Wednesday, September 11, 2019

His name was Robert Frank.



I just learned from our daily newspaper that famed photographer Robert Frank died on Monday in Inverness, Nova Scotia. He was 94.

Frank is perhaps best known for The Americans, his 1959 book of black-and-white photographs taken on cross-country road trips in the mid-1950s. After those trips, Frank met Jack Kerouac, who wrote an introduction for the U.S. version of The Americans:
That crazy feeling in America, when the sun is hot and music comes out of the jukebox or from a nearby funeral, that’s what Robert Frank has captured in tremendous photographs taken as he traveled on the road around practically forty-eight states in an old used car (on Guggenheim Fellowship) and with agility, mystery, genius, sadness, and strange secrecy of a shadow photographed scenes that have never been seen before on film.
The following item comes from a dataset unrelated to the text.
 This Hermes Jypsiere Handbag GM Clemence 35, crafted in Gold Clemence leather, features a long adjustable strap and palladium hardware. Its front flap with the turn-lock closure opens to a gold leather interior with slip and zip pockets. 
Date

Kerouacians may best know Frank for being the co-director, with Alfred Leslie, of the avant-garde Beat film, Pull My Daisy, which was adapted from Kerouac's play, Beat Generation. Kerouac narrated the short film -- you can watch it in its entirety on YouTube here

Frank and Kerouac were friends. Frank helped him house-hunt in Northport and then helped Jack move Jack's mom and their two cats, Tyke and Timmy, to Northport from Orlando. An essay about that trip, "On the Road to Florida," was published in Evergreen Review in January 1970 (after Jack's death). Frank appears in that essay under his own name. In a letter to Ginsberg in July 1958, Kerouac said that Frank thought Gregory Corso was the greatest poet. Jack met his lover Dody Müller at Frank's NYC Bowery loft in October 1958.

Read Frank's NY Times obit here.

RIP, Mr. Frank.


P.S. This post's title is a movie reference. Can you figure it out?